You are on page 1of 3

People v. Alunday G.R. NO.

181546 : September 3, 2008

FACTS:

 Sometime in May 2000, the Intelligence Section of the Police Provincial Office of Mountain
Province received a report from a confidential informant of an existing marijuana plantation
within the vicinity of Mount Churyon, Sadanga, Mountain Province.

 On Aug. 2, a contingent composed of policemen from Bauko, Sabangan, Tadian, Sadanga,


Provincial Headquarters and Bontoc Municipal Headquarters proceeded to Mount Churyon.

 On Aug. 3, a group of policemen, including SPO1 George Saipen, was dispatched to scout the
area ahead of the others. At a distance of 30 meters, Saipen, together with the members of his
group, saw Alunday cutting and gathering marijuana plants. SPO1 Saipen and others
approached Alunday and introduced themselves as members of the PNP.

 Alunday was brought to a nearby hut where the operatives saw an old woman, an M16 rifle
and dried marijuana leaves.

 Two informations were filed against Alunday, for violating Sec 9 of RA 6425 (Dangerous Drugs
Act of 1972) and Sec 1 of PD 1866.

 Alunday was convited for violation of RA 6425 and acquitted for violation of PD 1866 on
reasonable doubt.

ISSUES:
 WON the guilt of Alunday has been proven beyond reasonable doubt - YES
 WON the court never acquired jurisdiction over Alunday’s person because he was arrestd without
a warrant (issue only raised in the SC) - NO

RULING:

All told, the cultivation of marijuana fruiting tops by accused-appellant having been established
beyond reasonable doubt, we are constrained to uphold appellants conviction. The penalty imposed
by the RTC, as affirmed by the Court of Appeals, being in accord with law, is likewise affirmed.

RATIO:
1. The prosecution was able to establish the following with conviction:
(1) A police continent raided a marijuana plantation located in Mount Churyon, Sadanga, Mountain
Province.
(2) In the course thereof, appellant was seen cutting and gathering marijuana plants from the
premises.
(3) There were no other plants except marijuana which were growing in the said area.
(4) There was a hut apparently used by appellant and an old woman as a camp or temporary dwelling
which existed alone within the area of the subject plantation.
(5) The samples taken from the said plantation were all found to be positive for marijuana.

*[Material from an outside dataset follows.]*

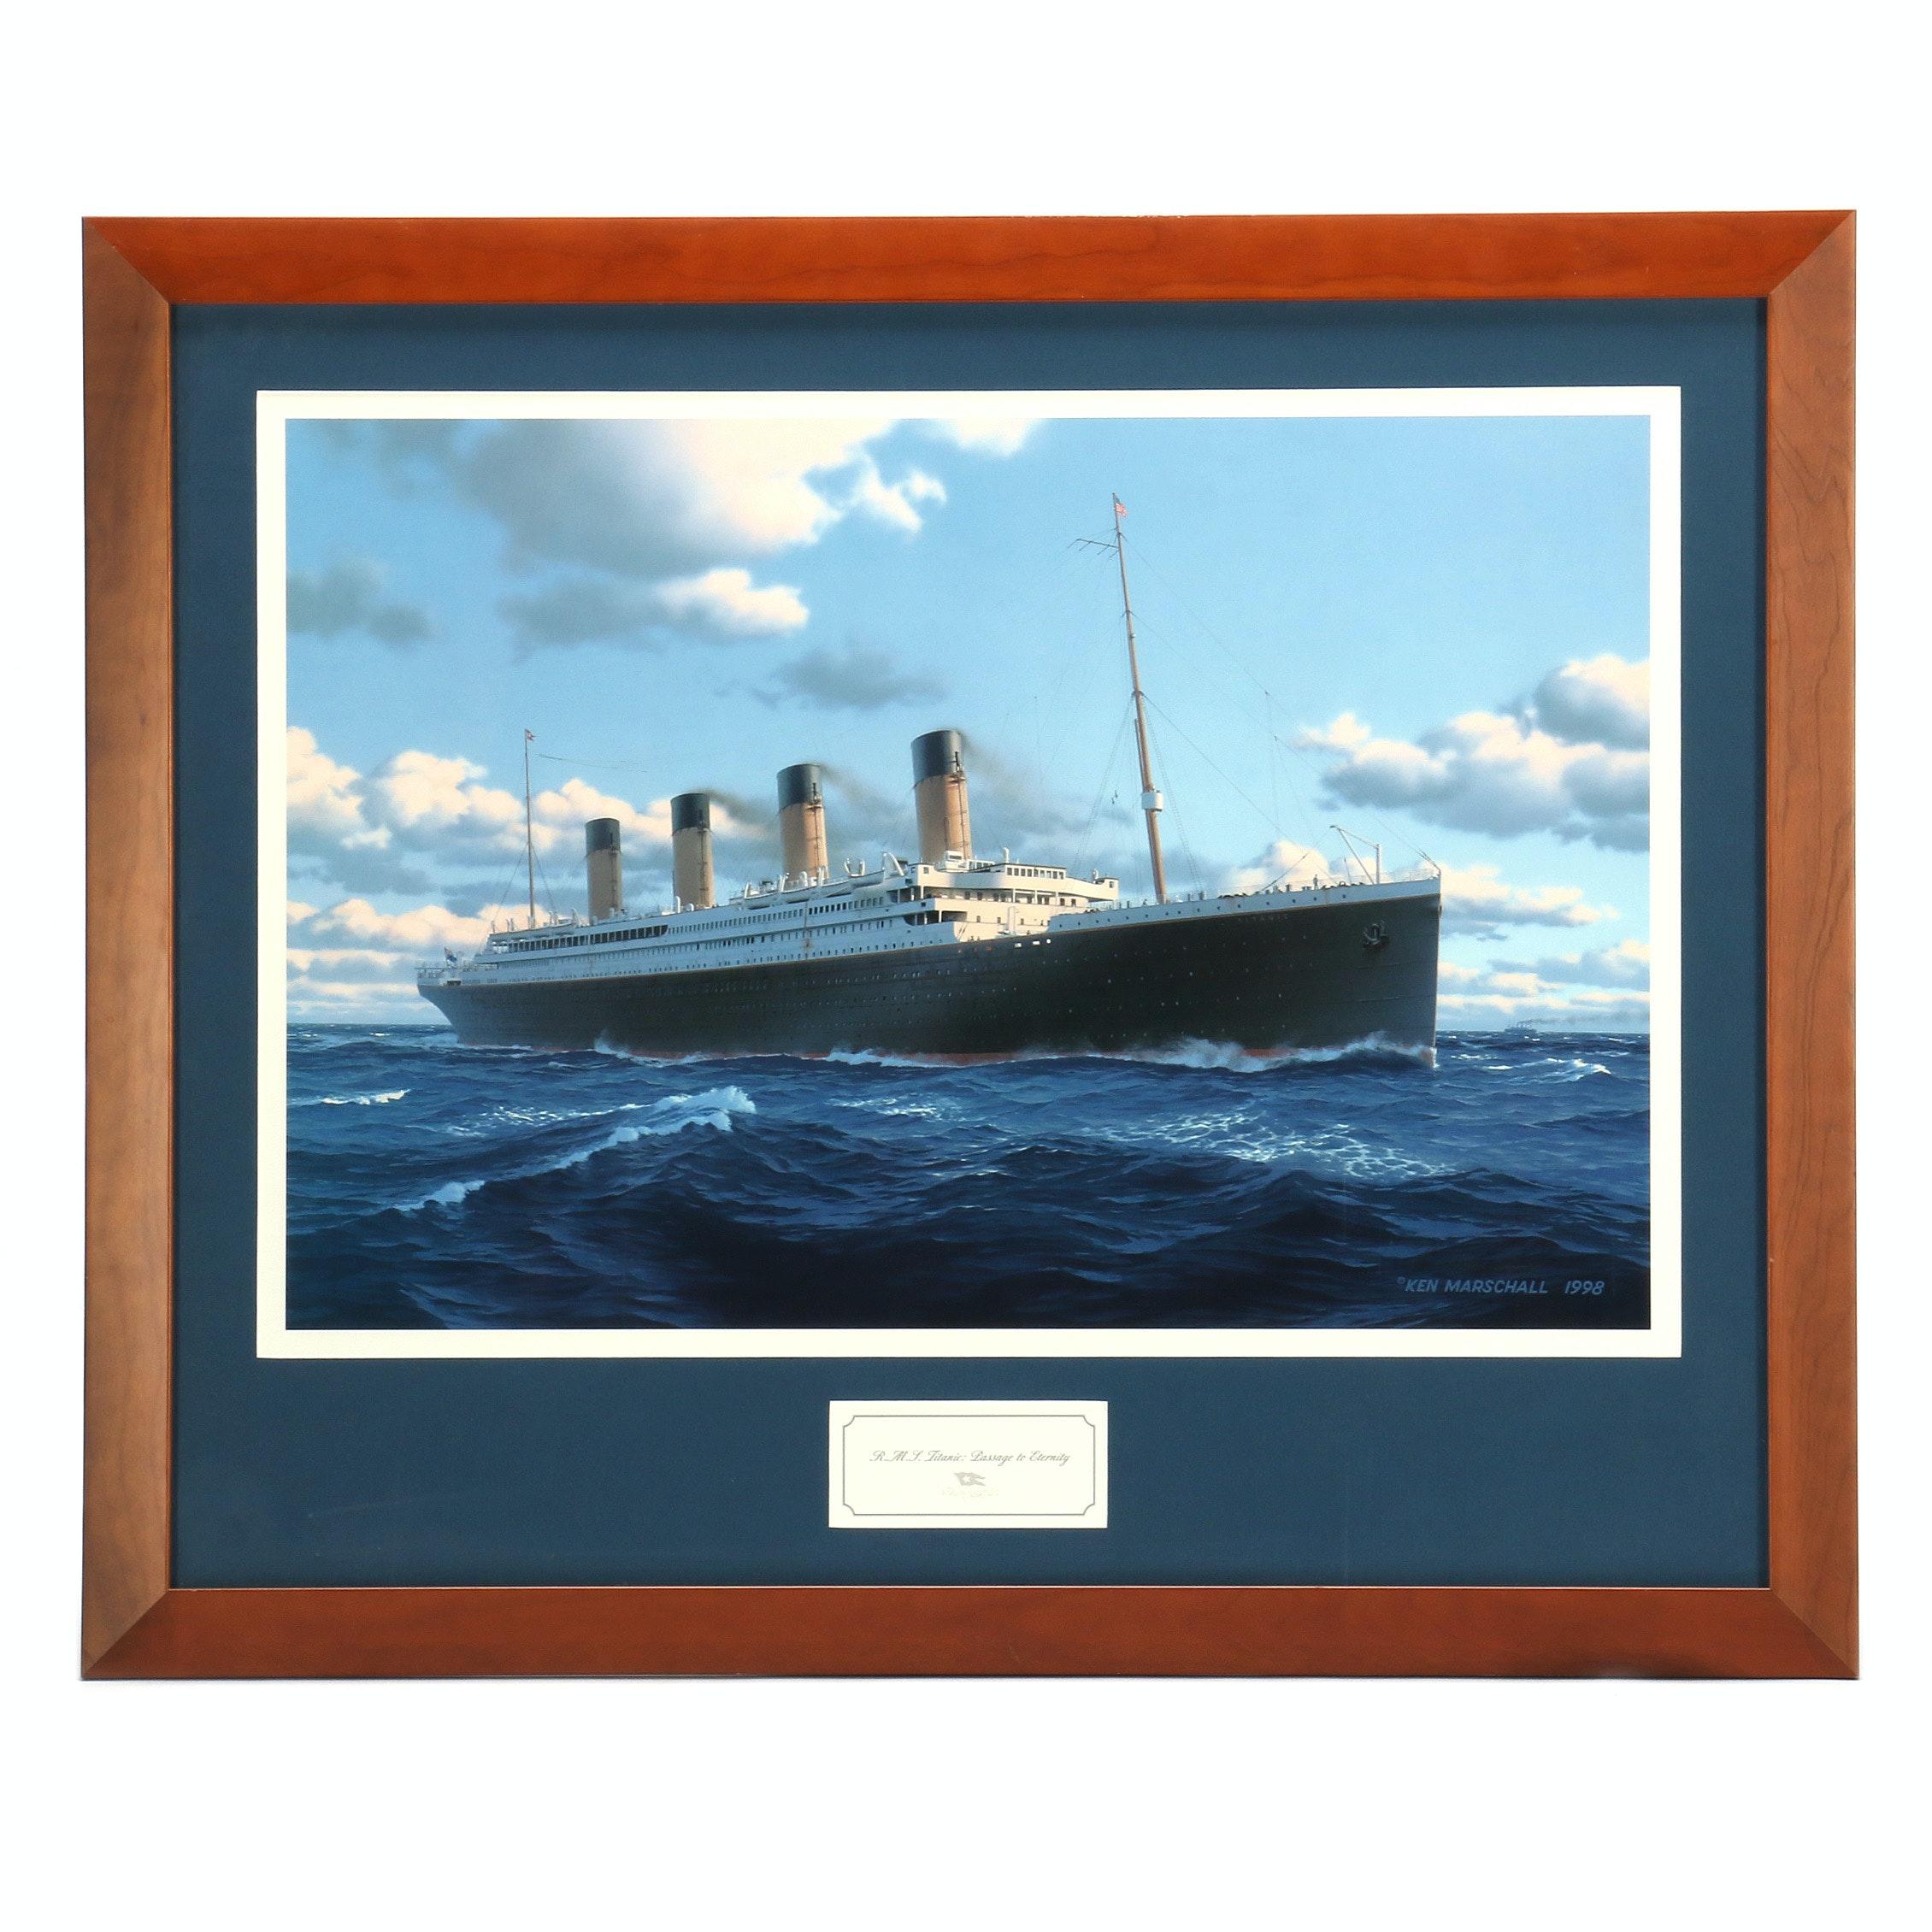 "Ken Marschall Limited Edition Print ""R.M.S. Titanic: Passage to Eternity"""

On the face of these positive testimonies of the prosecution witnesses, appellant’s bare denials must
necessarily fail.
Section 5(a) of Rule 113 of the Rules of Court provides that a peace officer or a private person may,
without a warrant, arrest a person when, in his presence, the person to be arrested has committed, is
actually committing, or is attempting to commit, an offense. Section 5(a) refers to arrest in flagrante
delicto.

The police received the information sometime in May 2000 and arrested Alunday only on Aug 3
because information about the existing marijuana plantation was finally confirmed only on Aug. 2,
2000. Alunday’s arrest on Aug 3 was legal because he was caught in flagrante delicto.

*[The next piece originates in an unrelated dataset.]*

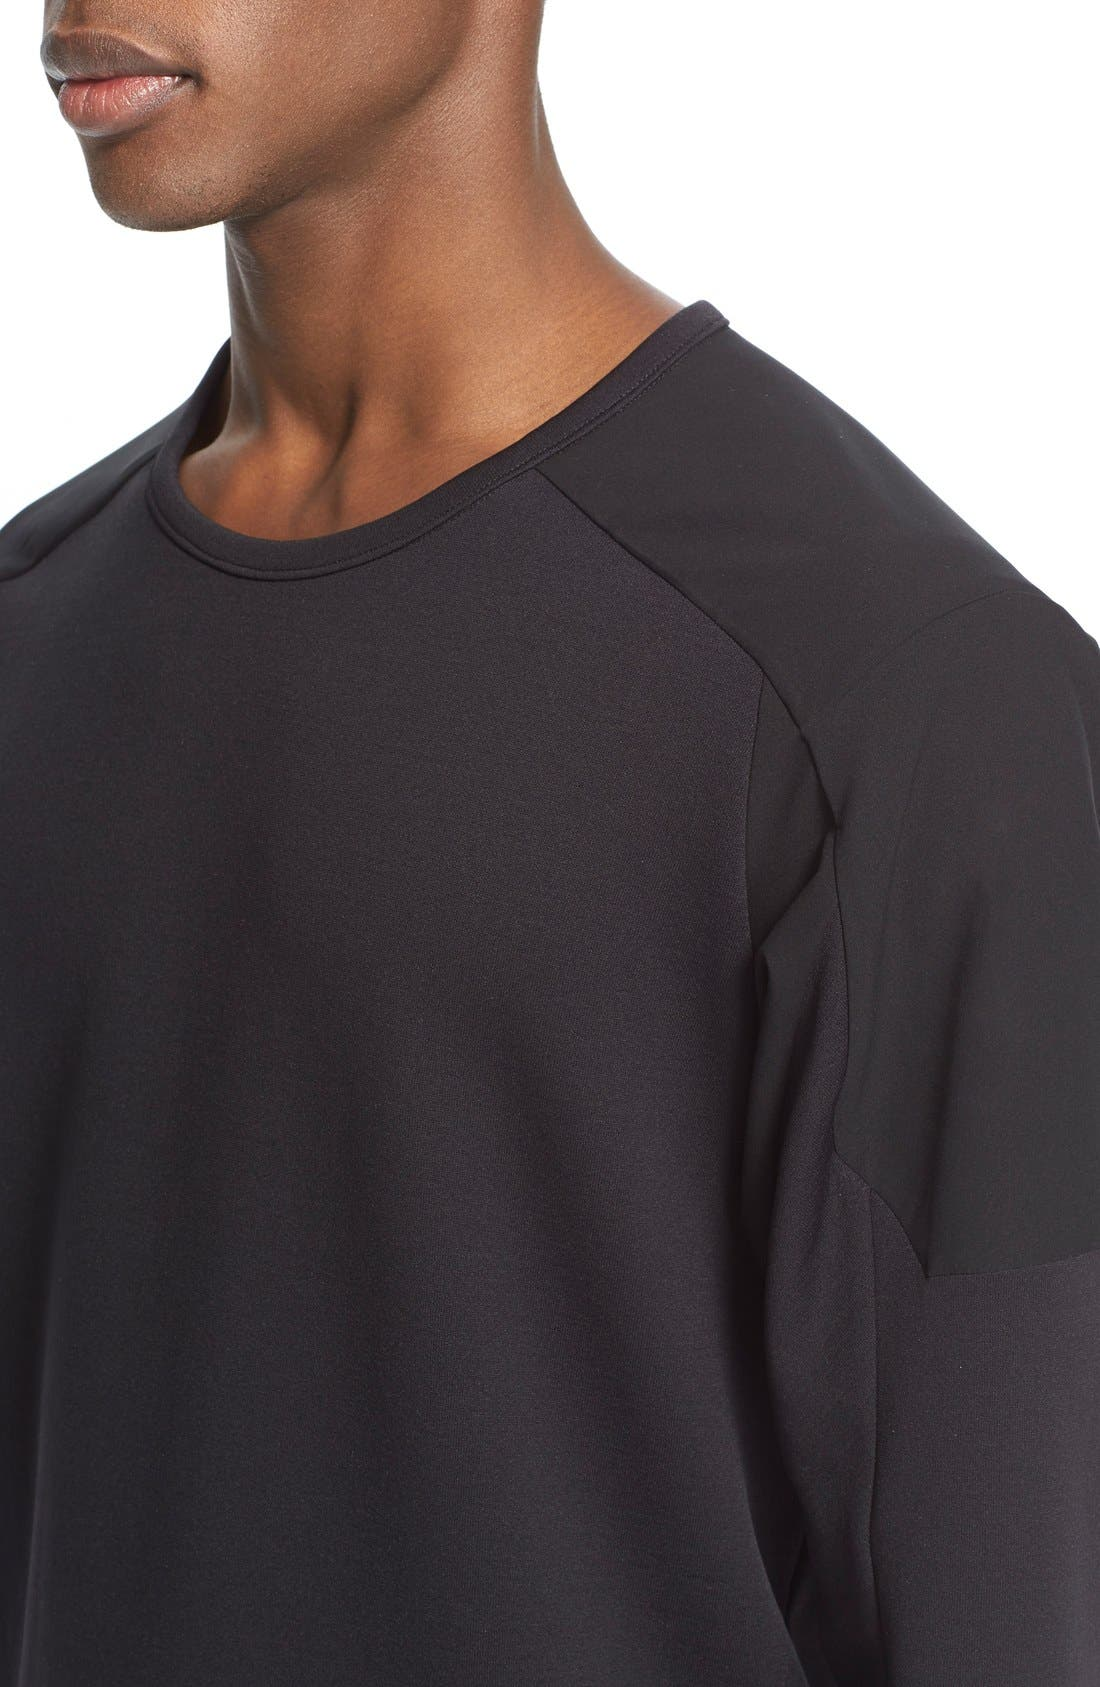 Arc'teryxVeilance'Graph' Sweater,                             Alternate thumbnail 4, color,                             Black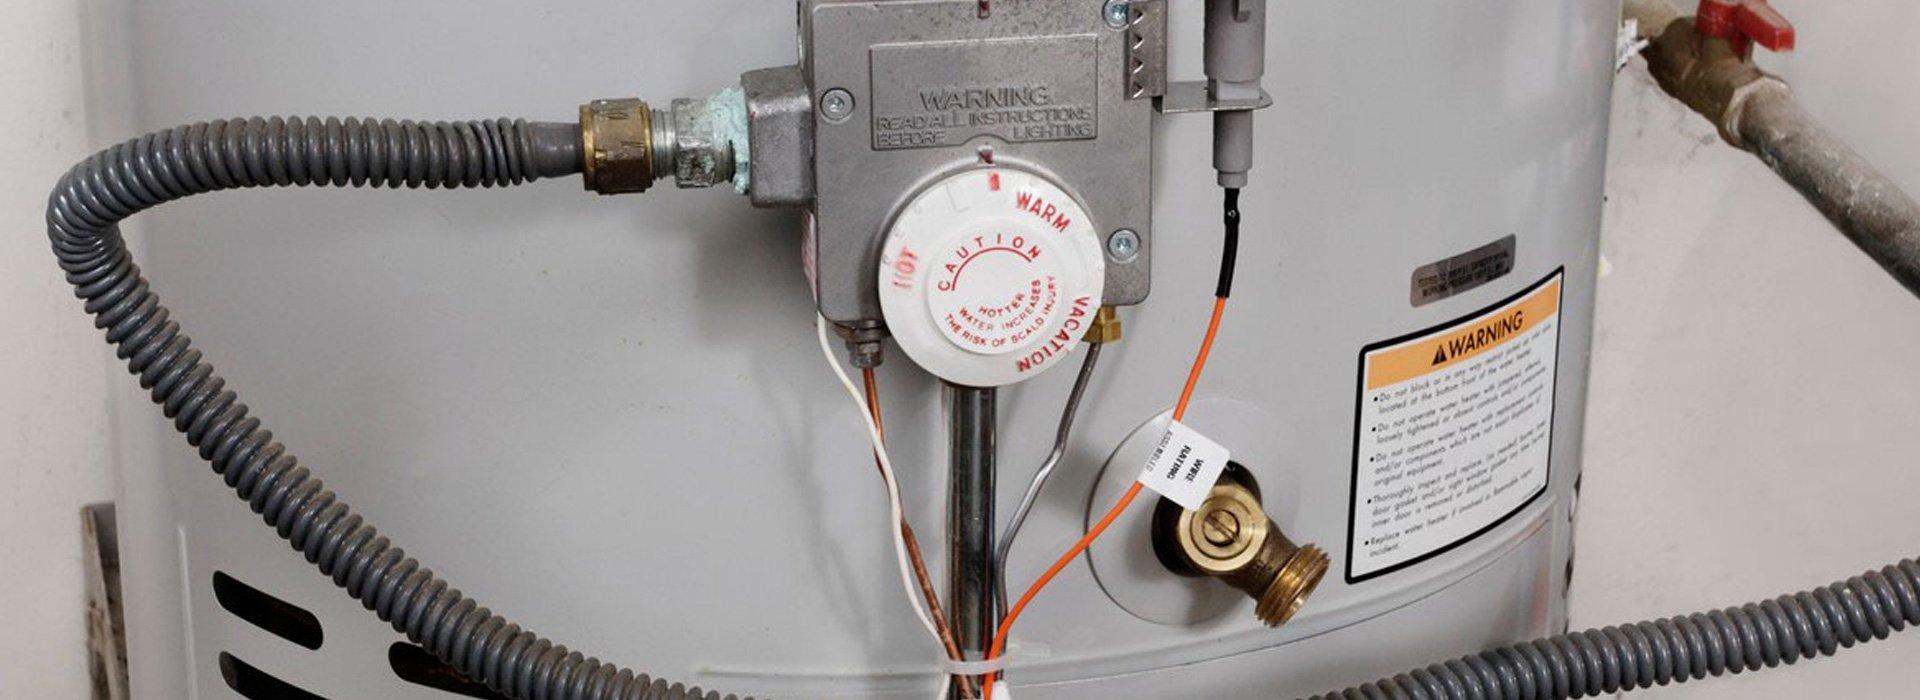 Heating Service Baltimore Md Gas Heat Appliance Repair

In People v. Sucro, the Court held that when a police officer sees the offense, although at a distance,
or hears the disturbances created thereby, and proceeds at once to the scene thereof, he may effect
an arrest without a warrant on the basis of Section 5, par. (a), Rule 113 of the Rules of Court as the
offense is deemed committed in his presence or within his view. In essence, Section 5, par. (a), Rule
113, requires that the accused be caught in flagrante delicto or caught in the act
of committing a crime.

Any objection involving a warrant of arrest or the procedure for the acquisition by the court of
jurisdiction over the person of the accused must be made before he enters his plea; otherwise, the
objection is deemed waived. SC also ruled that an accused may be estopped from assailing the
illegality of his arrest if he fails to move for the quashing of the information against him before his
arraignment. And since the legality of an arrest affects only the jurisdiction of the court over the
person of the accused, any defect in the arrest of the accused may be deemed cured when he
voluntarily submits to the jurisdiction of the trial court. Also, the illegal arrest of an accused is not a
sufficient cause for setting aside a valid judgment rendered upon a sufficient complaint after a trial
free from error; such arrest does not negate the validity of the conviction of the accused.